- [Exercise details]:
Transcribe the data verbatim and drop its images.

- [Available data]:

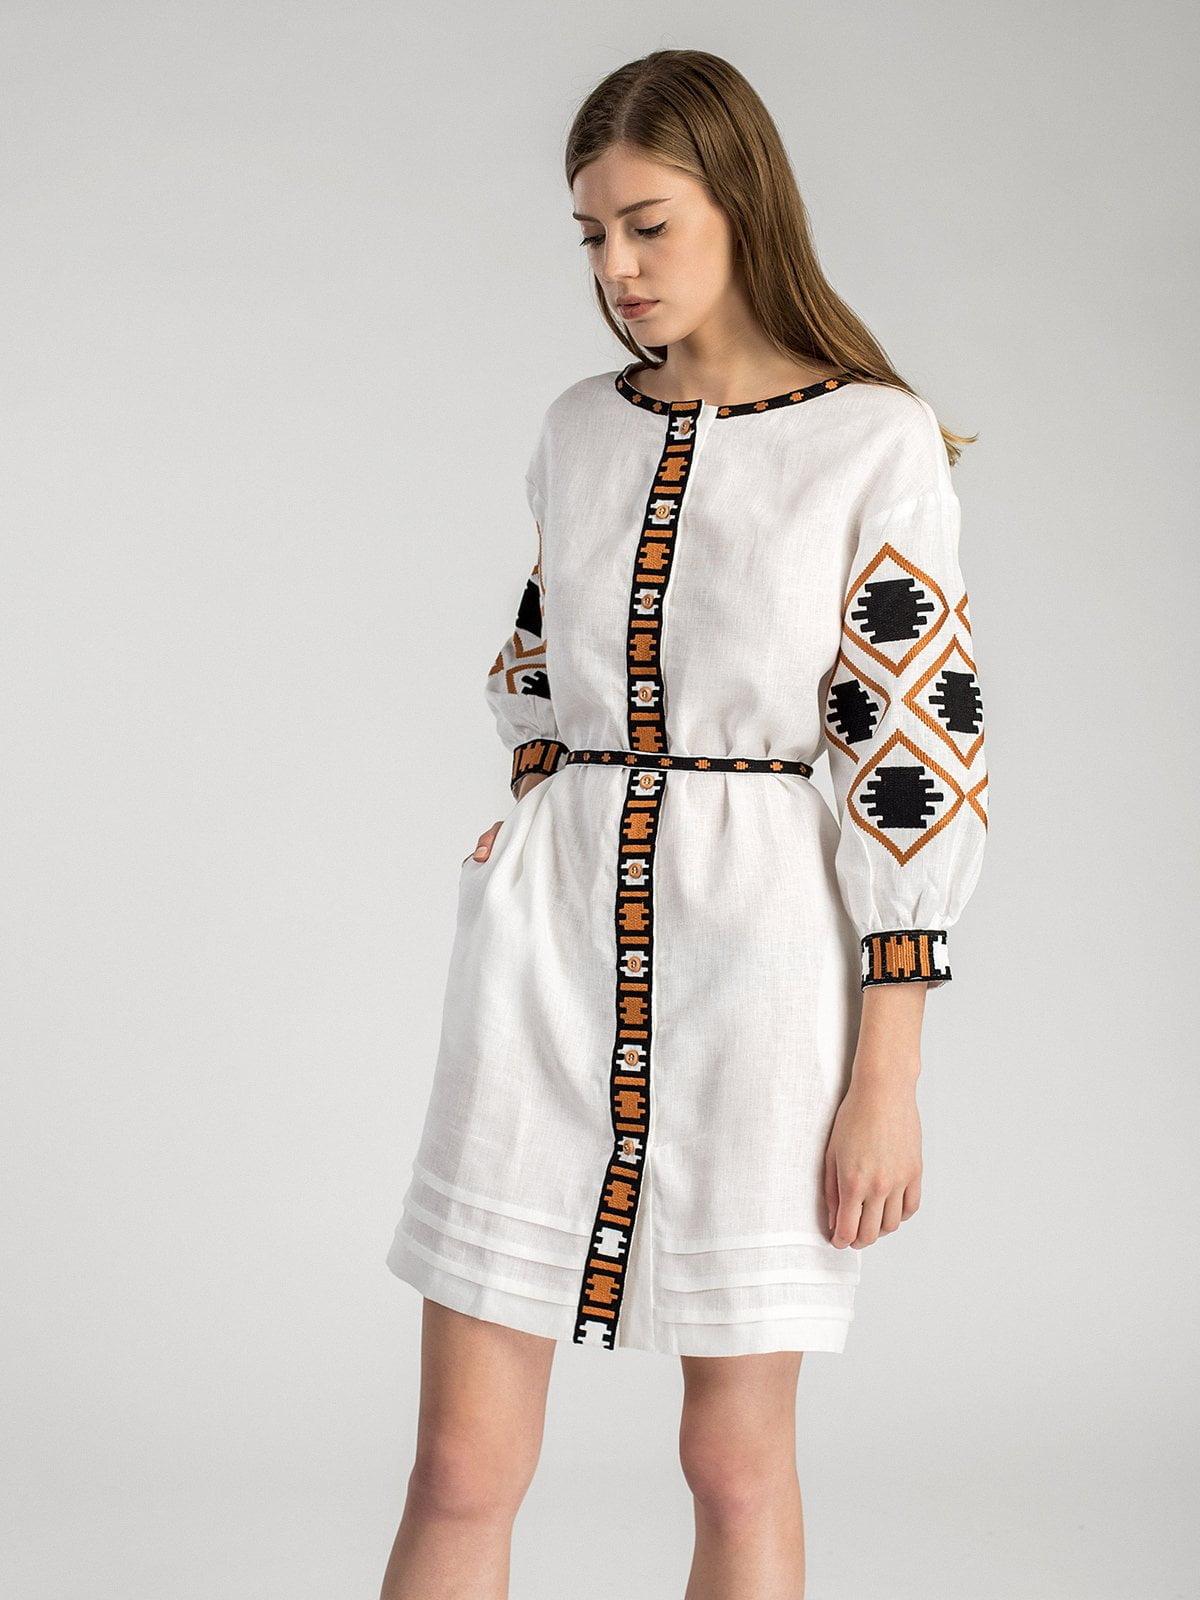 Біла лляна вишита сукня на гудзиках MD19 2 – купити в Києві та ... cf5b118b19dca
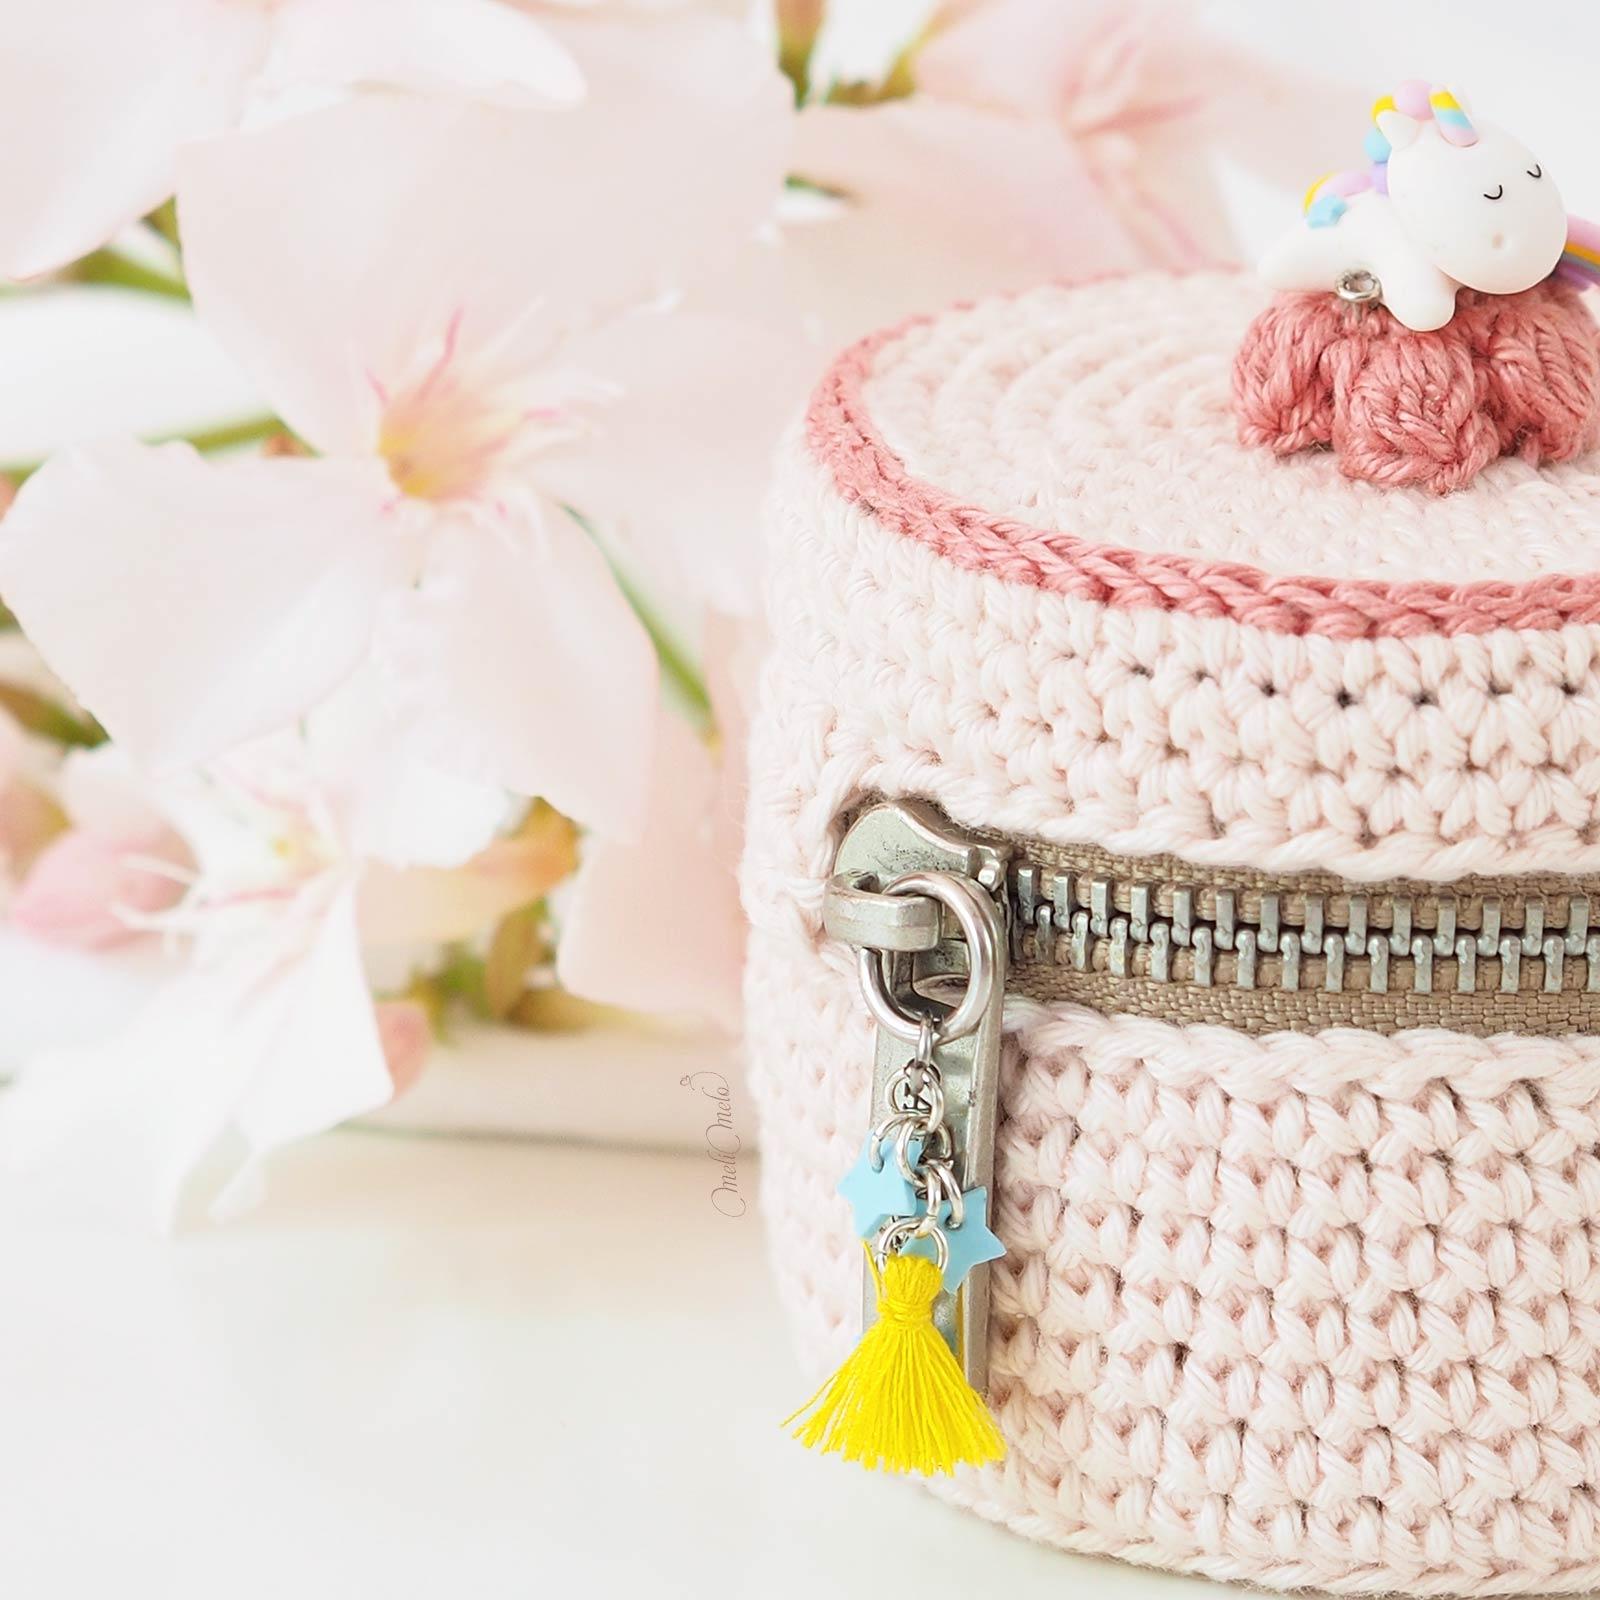 ecrin-pastel-licorne-arc-en-ciel-reve-crochet-coton-fait-main-laboutiquedemelimelo
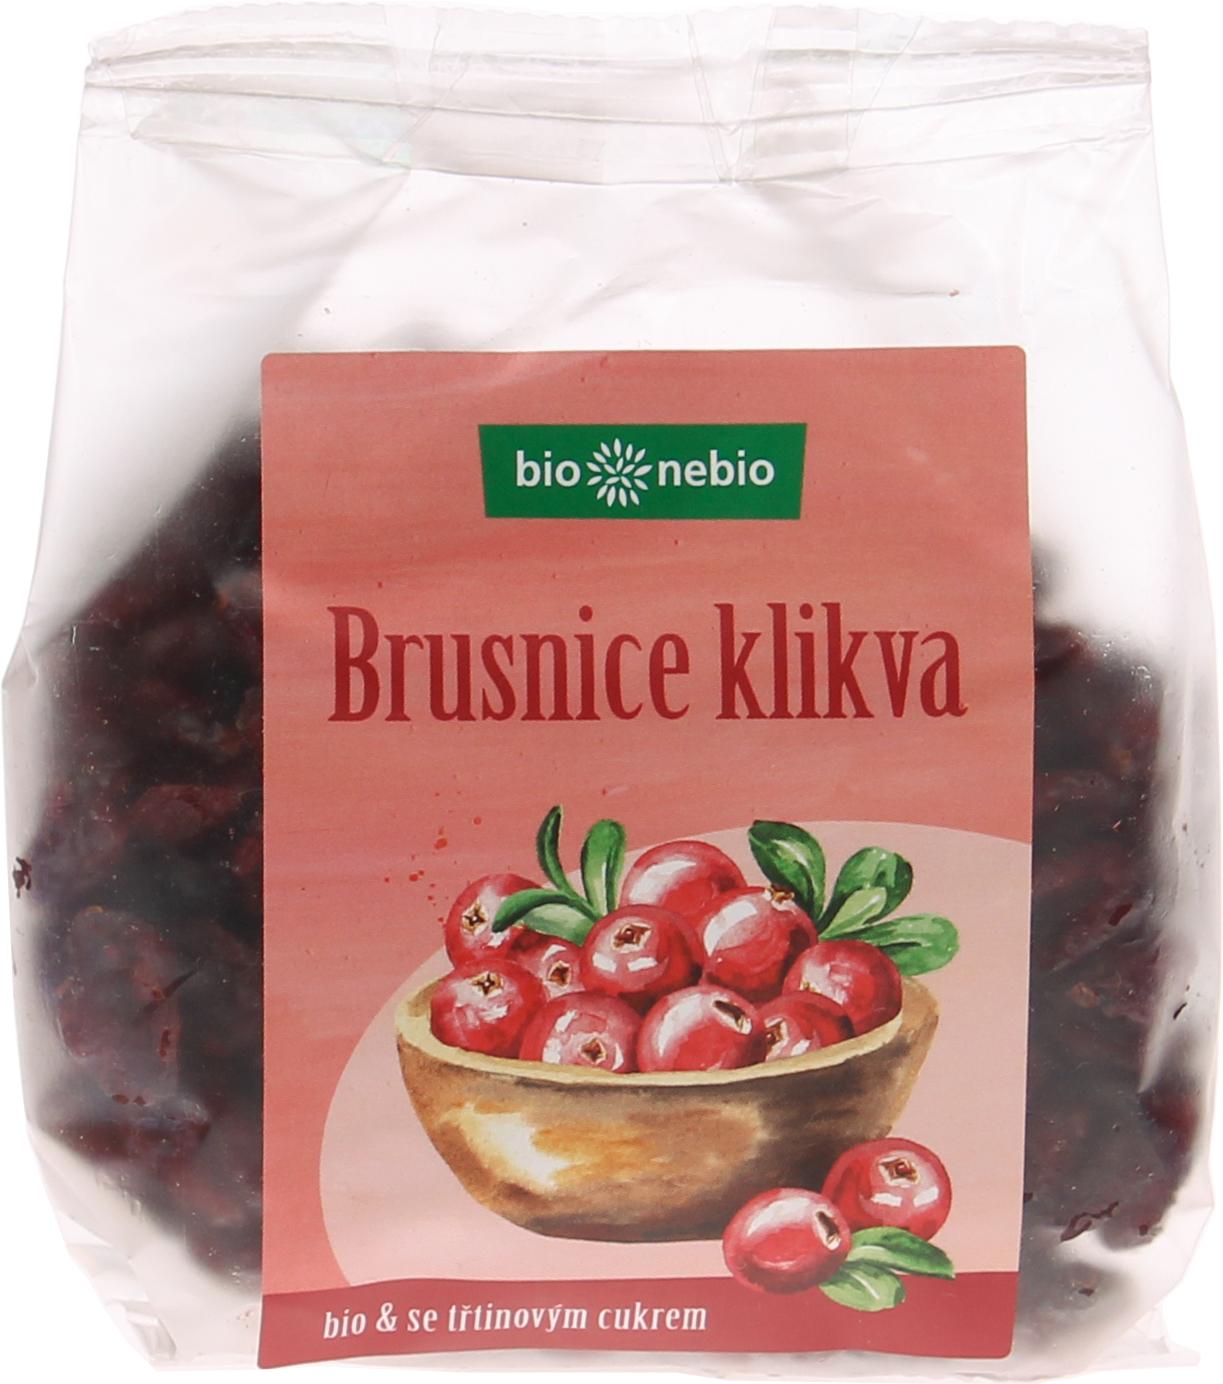 Bio brusnice klikva se třtinovým cukrem bio*nebio 200 g
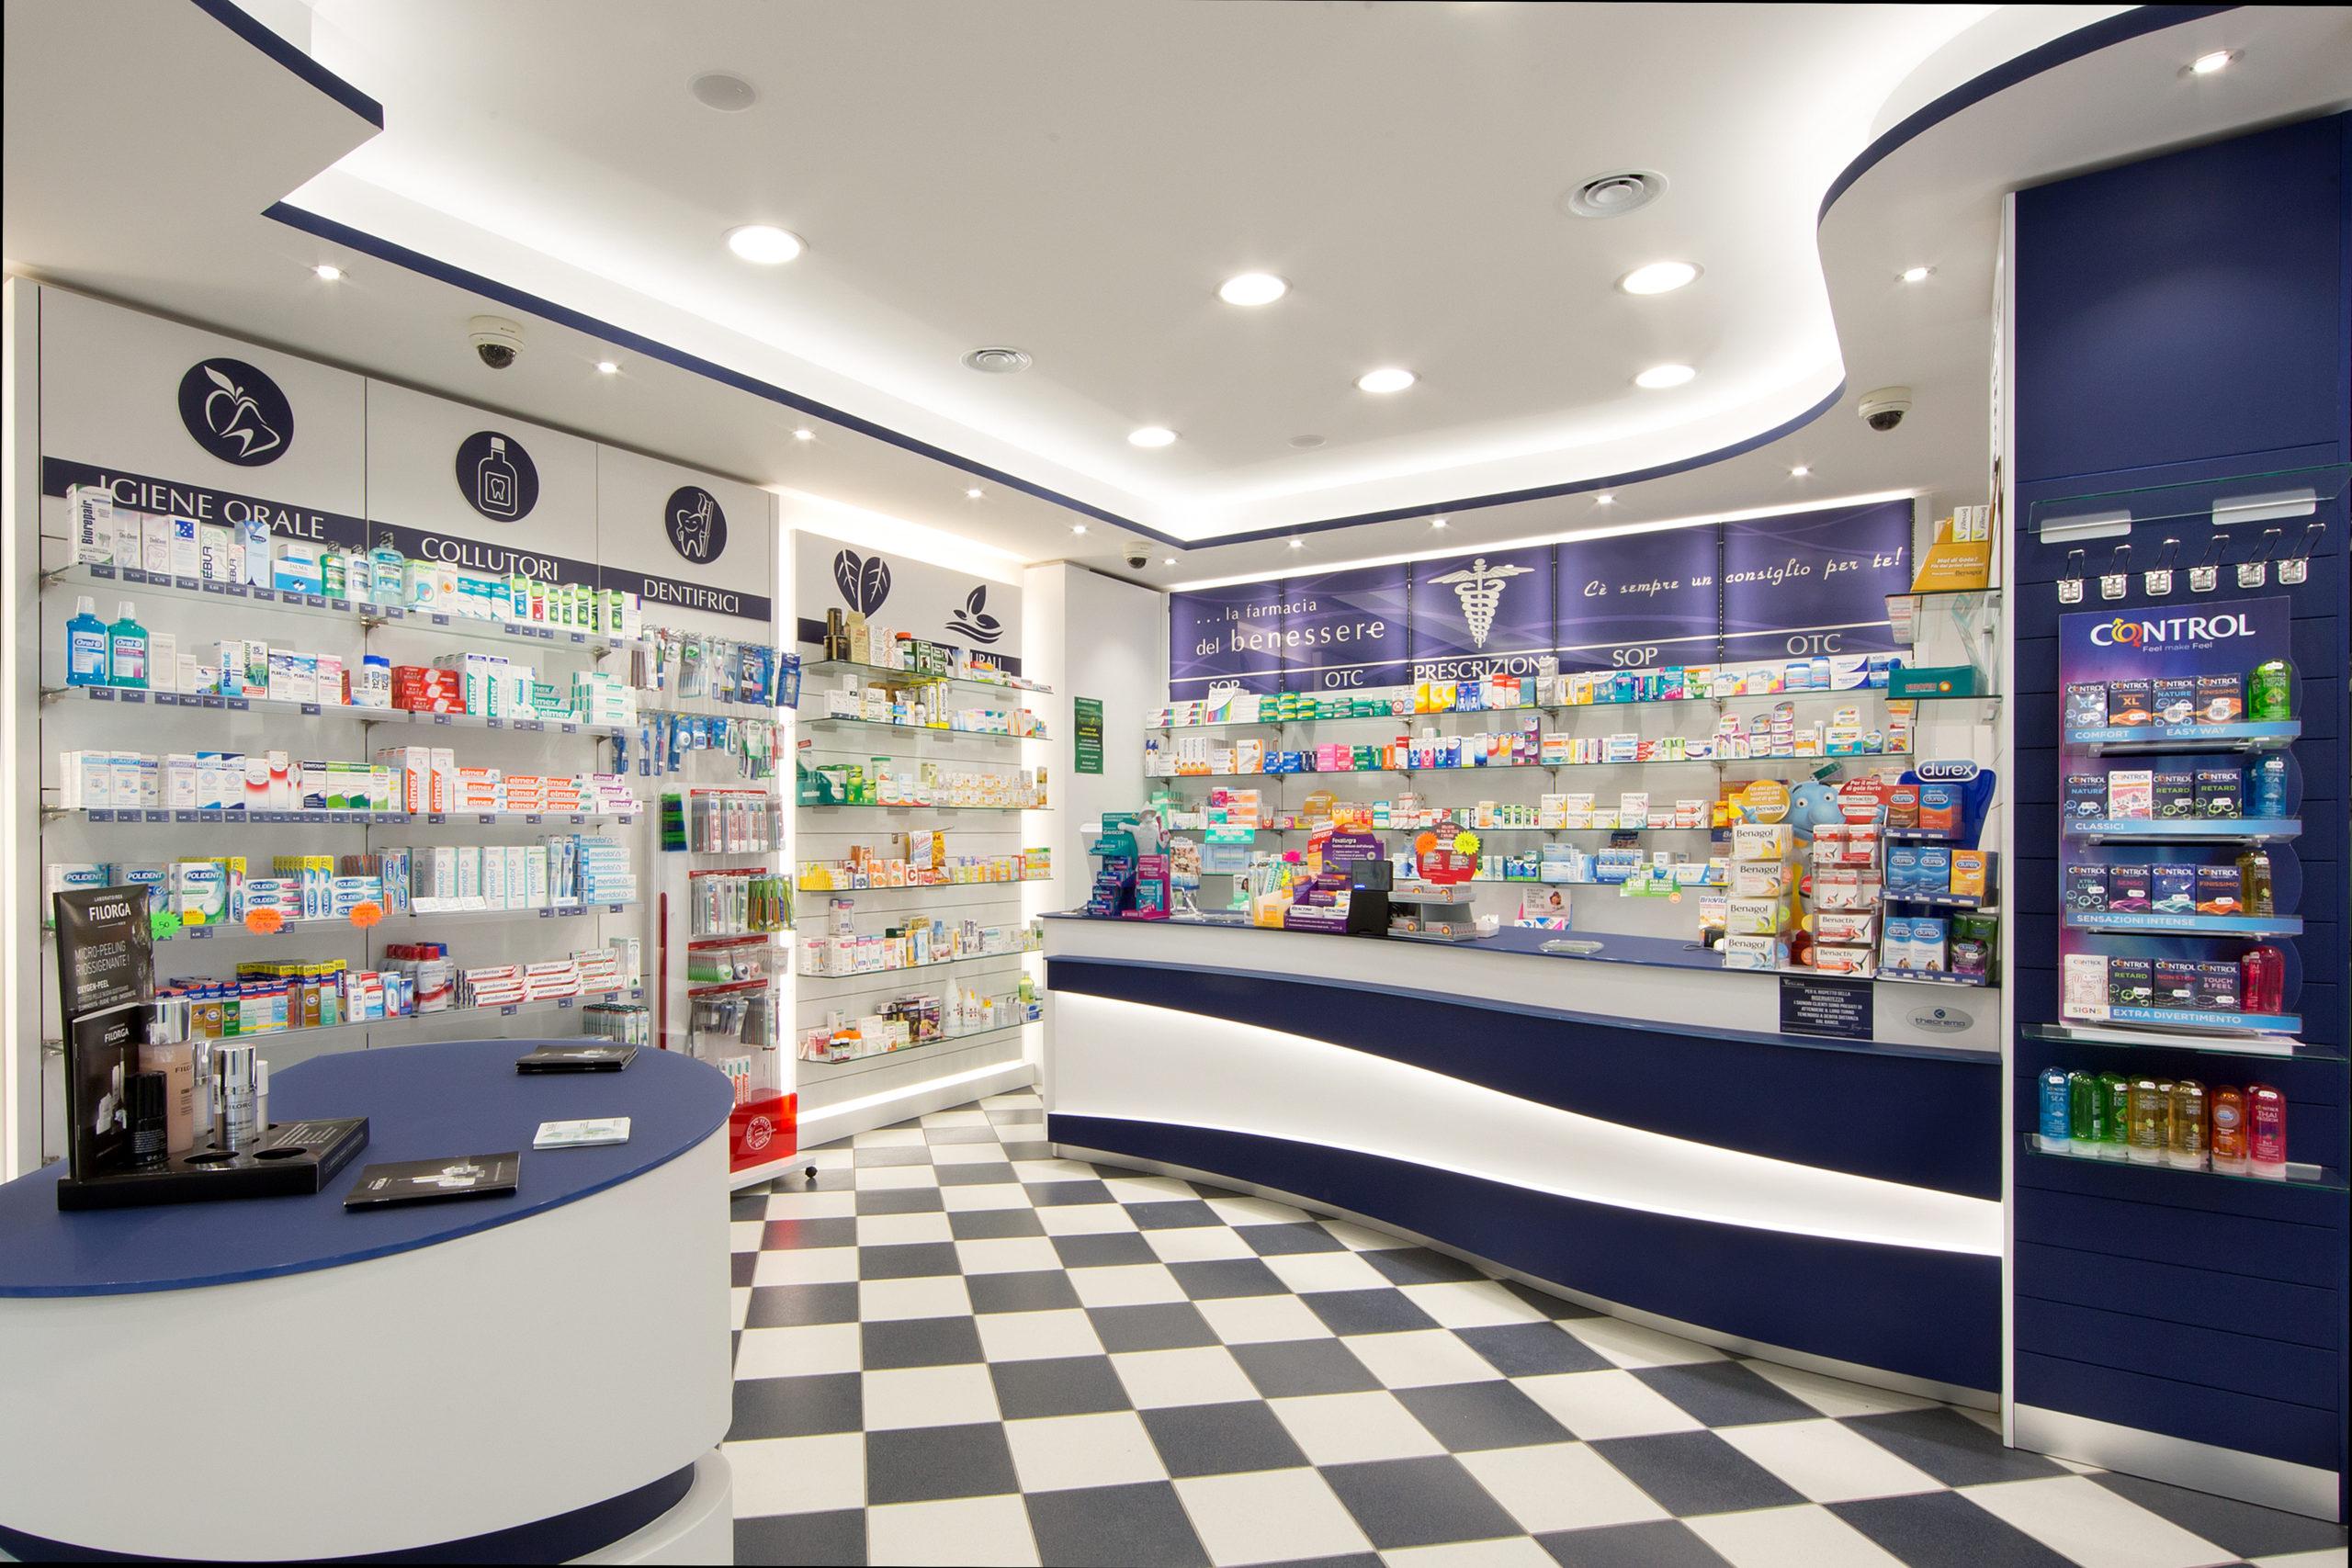 Banco-vendita-farmacia-atellana-ortadiatella-Theorema-arredamenti-farmacie.jpg (1)

- [Worked solution]:
 Біла лляна вишита сукня на гудзиках MD19 2 – купити в Києві та ... cf5b118b19dca
 ecrin-pastel-licorne-arc-en-ciel-reve-crochet-coton-fait-main-laboutiquedemelimelo
 Bio brusnice klikva se třtinovým cukrem bio*nebio 200 g
 Banco-vendita-farmacia-atellana-ortadiatella-Theorema-arredamenti-farmacie.jpg (1)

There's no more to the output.